I was blown away. There were dozens of mantas swimming around eating plankton. And they all seemed to want to play with us.
Diving with these animals was unlike any experience I’ve ever had. We were instructed not to try to touch the mantas, but they didn’t get the same instructions. They were so friendly and seemed to be truly curious about us.
They would come right up to us, and kind of skim their bodies against ours. I felt like they were truly trying to connect with us. It was magical.
We couldn’t get enough of the magic, and ended up snorkeling twice a day for 3 days. It turned out that snorkeling was a better way to access the mantas. They seem to stay away from the scuba divers, maybe on account of all the bubbles.

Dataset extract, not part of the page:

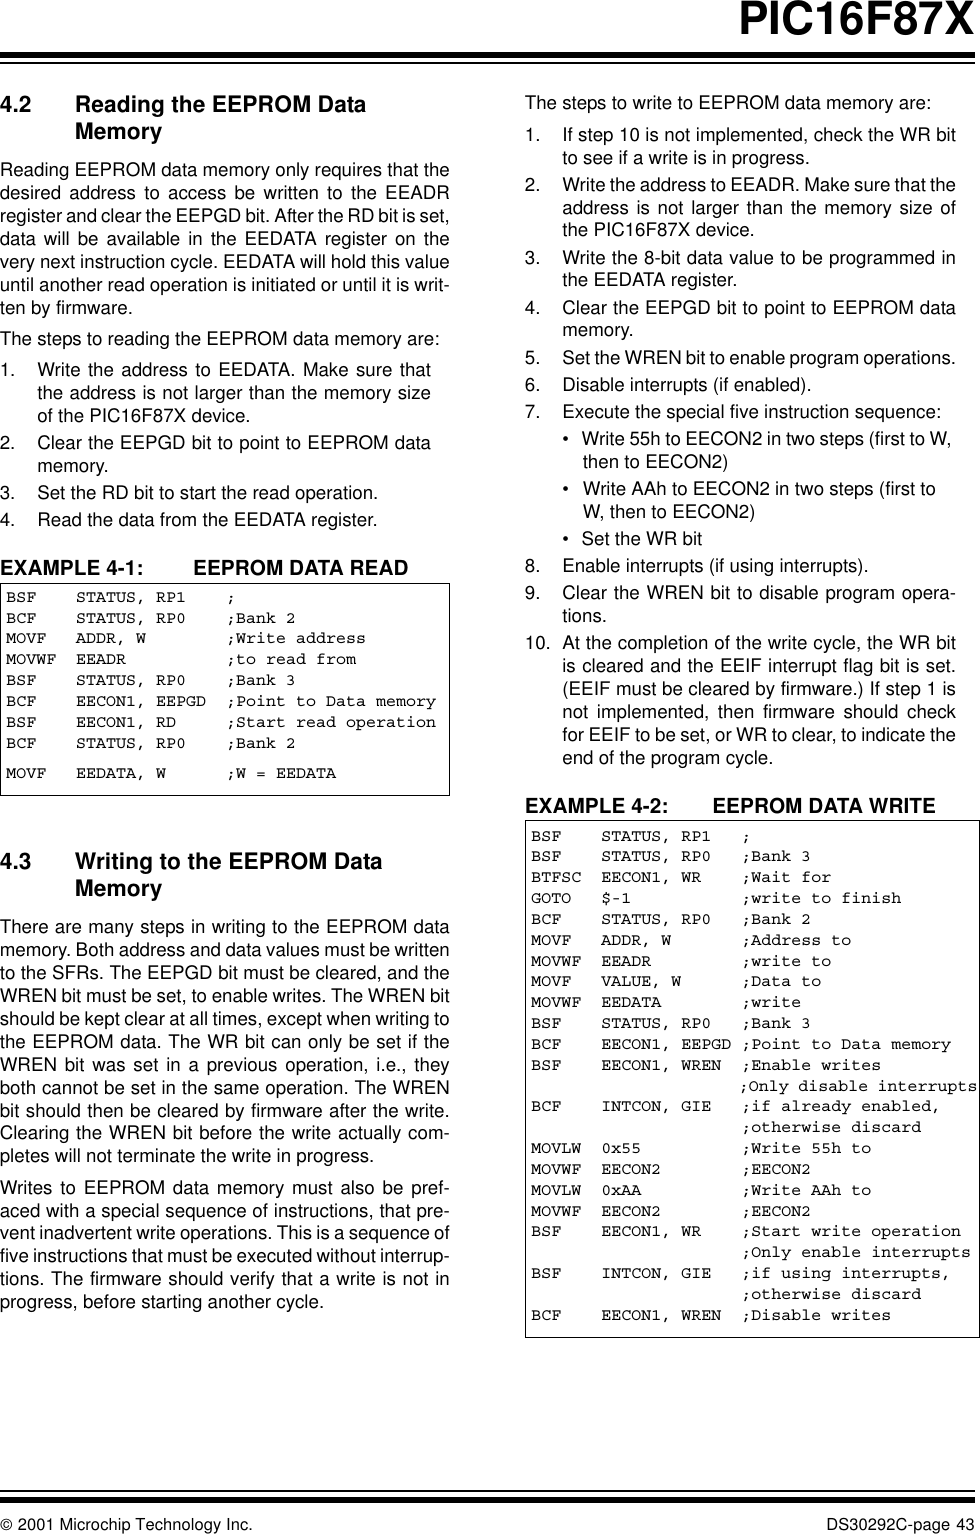  2001 Microchip Technology Inc. DS30292C-page 43PIC16F87X4.2 Reading the EEPROM Data MemoryReading EEPROM data memory only requires that thedesired address to access be written to the EEADRregister and clear the EEPGD bit. After the RD bit is set,data will be available in the EEDATA register on thevery next instruction cycle. EEDATA will hold this valueuntil another read operation is initiated or until it is writ-ten by firmware. The steps to reading the EEPROM data memory are:1. Write the address to EEDATA. Make sure thatthe address is not larger than the memory sizeof the PIC16F87X device.2. Clear the EEPGD bit to point to EEPROM datamemory.3. Set the RD bit to start the read operation.4. Read the data from the EEDATA register.EXAMPLE 4-1:  EEPROM DATA READ4.3 Writing to the EEPROM Data MemoryThere are many steps in writing to the EEPROM datamemory. Both address and data values must be writtento the SFRs. The EEPGD bit must be cleared, and theWREN bit must be set, to enable writes. The WREN bitshould be kept clear at all times, except when writing tothe EEPROM data. The WR bit can only be set if theWREN bit was set in a previous operation, i.e., theyboth cannot be set in the same operation. The WRENbit should then be cleared by firmware after the write.Clearing the WREN bit before the write actually com-pletes will not terminate the write in progress. Writes to EEPROM data memory must also be pref-aced with a special sequence of instructions, that pre-vent inadvertent write operations. This is a sequence offive instructions that must be executed without interrup-tions. The firmware should verify that a write is not inprogress, before starting another cycle.The steps to write to EEPROM data memory are:1. If step 10 is not implemented, check the WR bitto see if a write is in progress.2. Write the address to EEADR. Make sure that theaddress is not larger than the memory size ofthe PIC16F87X device.3. Write the 8-bit data value to be programmed inthe EEDATA register.4. Clear the EEPGD bit to point to EEPROM datamemory.5. Set the WREN bit to enable program operations.6. Disable interrupts (if enabled).7. Execute the special five instruction sequence:•Write 55h to EECON2 in two steps (first to W, then to EECON2)•Write AAh to EECON2 in two steps (first to W, then to EECON2)•Set the WR bit8. Enable interrupts (if using interrupts).9. Clear the WREN bit to disable program opera-tions.10. At the completion of the write cycle, the WR bitis cleared and the EEIF interrupt flag bit is set.(EEIF must be cleared by firmware.) If step 1 isnot implemented, then firmware should checkfor EEIF to be set, or WR to clear, to indicate theend of the program cycle.EXAMPLE 4-2: EEPROM DATA WRITEBSF    STATUS, RP1    ;BCF    STATUS, RP0    ;Bank 2MOVF   ADDR, W        ;Write addressMOVWF  EEADR          ;to read fromBSF    STATUS, RP0    ;Bank 3BCF    EECON1, EEPGD  ;Point to Data memoryBSF    EECON1, RD     ;Start read operationBCF    STATUS, RP0    ;Bank 2MOVF   EEDATA, W      ;W = EEDATABSF    STATUS, RP1   ;BSF    STATUS, RP0   ;Bank 3BTFSC  EECON1, WR    ;Wait forGOTO   $-1           ;write to finishBCF    STATUS, RP0   ;Bank 2MOVF   ADDR, W       ;Address toMOVWF  EEADR         ;write toMOVF   VALUE, W      ;Data toMOVWF  EEDATA        ;writeBSF    STATUS, RP0   ;Bank 3BCF    EECON1, EEPGD ;Point to Data memoryBSF    EECON1, WREN  ;Enable writes                      ;Only disable interruptsBCF    INTCON, GIE   ;if already enabled,                     ;otherwise discardMOVLW  0x55          ;Write 55h toMOVWF  EECON2        ;EECON2MOVLW  0xAA          ;Write AAh toMOVWF  EECON2        ;EECON2BSF    EECON1, WR    ;Start write operation                     ;Only enable interruptsBSF    INTCON, GIE   ;if using interrupts,                     ;otherwise discardBCF    EECON1, WREN  ;Disable writes

We wished we could be in the water with the mantas all day every day, but that wasn’t very realistic. So we lounged around at the resort, and explored the very small island.
Hanging on the boat!
Aveyla Manta Village
The Maldives is a really interesting country. It consists of over 1200 islands, but only about 200 of them are inhabited by Maldivians. The rest of the islands are either resort islands or they are not inhabited at all. The Maldives is a strictly Muslim country. This means that Maldivian islands, by law, have no alcohol or pork. You are likely to see women wearing full burkas. And like other Muslim countries, friendly hospitality is the norm! People welcomed us with opened arms. It was a lovely experience!
I’d love to return to this amazing island and stay with Aveyla again. We almost didn’t make it off the island! On the day we were set to leave, our plane from the small airline called Flyme never came!! We waited all day, but it just never showed up. So the airline paid for us to stay for another night at Aveyla. The resort was very accommodating. We had to make an awkward phone call to our principal and tell him that we were indeed stuck in The Maldives, and we would have to miss a day of school. He was very understanding and we had a good laugh about it when we returned.